7 years ago, I read Psalm 23 every day for 2 years. I did not know how much it would help in my journey as a traveling professor. In August 2018, I quit my full-time job and took a chance. For the next 12 months I learned how to be vulnerable and lean on others. For 12 months I had no full-time job, an increasing amount of bills, and acceptance that my family's needs superseded my ego. Whether it was utilizing local food pantries or even being hired at a local Wal-Mart for an early morning shift. Psalm 23 was manifesting before my eyes.

 

The Lord is my shepherd, I lack nothing. (Psalms 23:1 NIV)

My family and I may not have had everything we wanted during those 12 months, but we had everything we needed. I believed I could be a community college faculty member that local colleges needed if I was just given a chance. I was given just that. I served as an adjunct professor for numerous college systems (teaching 9+ classes per semester) throughout the Central North Texas area. My goal was to improve my qualifications to be a viable full-time faculty member.

 

Yea, though I walk through the valley of the shadow of death, I will fear no evil: for thou art with me; thy rod and thy staff they comfort me. (Psalm 23:4)

During that time, I underestimated how people would be barriers to my professional goals. I encountered so many naysayers that at times I thought I was walking in "the shadow of death." My doubt grew when the talent I knew I had was not recognized by some of the places I was hired as a part-time employee. Some college systems even passed on giving me an opportunity at all.

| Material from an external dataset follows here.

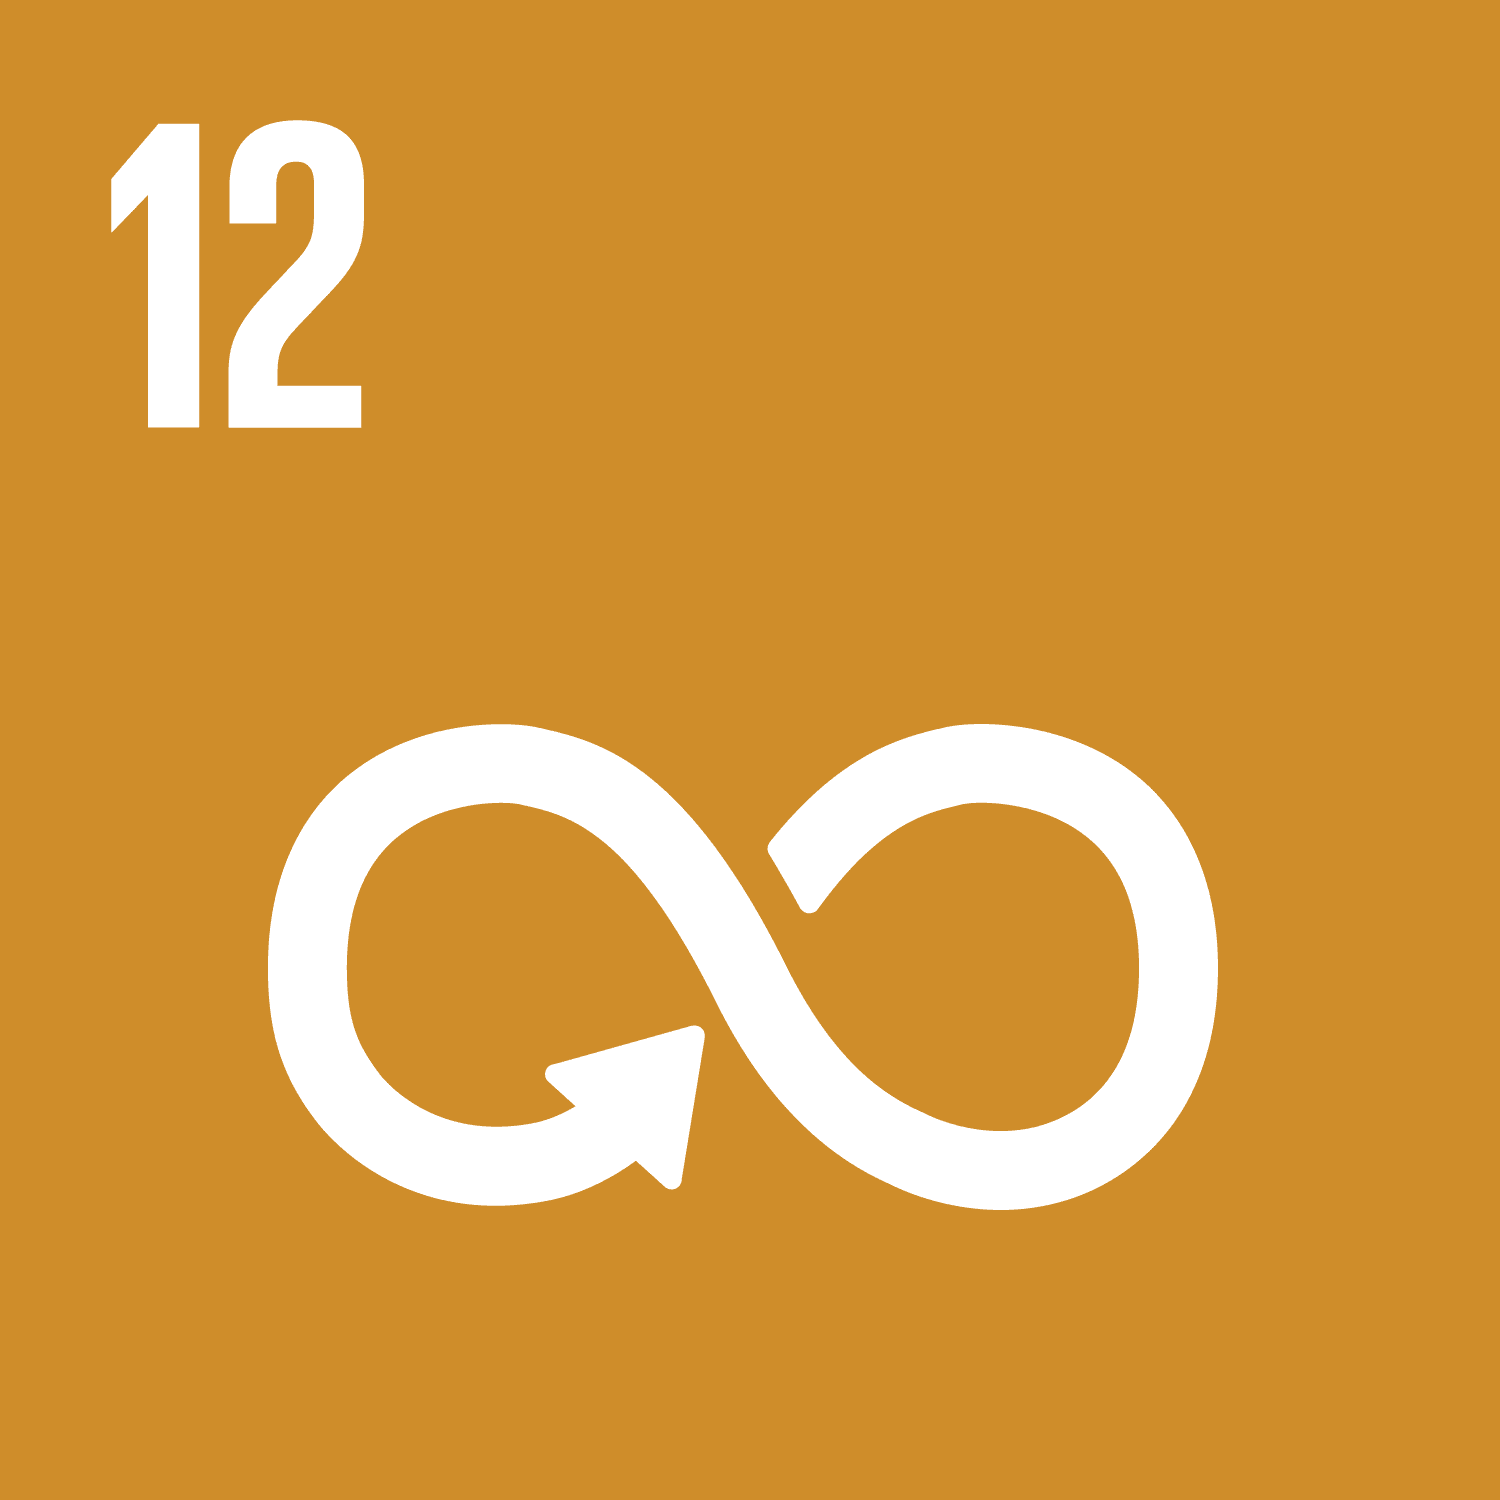 ODS 11. Cidades e comunidades sustentáveis.

For some people, all of these obstacles would be discouraging. That was not the story for me for two reasons. First, I believed God called me for this opportunity. I had a specific prayer every semester of how many classes for this adventure to work financially. Each semester God delivered (and then some). Second, I remembered what I had learned a few years ago…the book
The Art of War points out how your enemies can be the key to victory. They can help you identify the pitfalls in your own strategies that can be used against you. I sought to address those pitfalls; implementing solutions to remove "no" from being a possible answer. Below were some of the reasons they said I could not teach full-time at a community college:

  • We can't hire you because you have not been teaching long enough
  • You don't teach a variety of classes
  • You're too young
  • Teaching in the K-12 public school system is not relevant teaching experience to teaching postsecondary (college level) education

These reasons for people to say no to me were my unique traits I saw as valuable contributions in the classroom. So, I took every potential excuse made by employers and gatekeepers to deny me and used them. I proved my unique traits did not make me undesirable; they made me an unicorn in higher education.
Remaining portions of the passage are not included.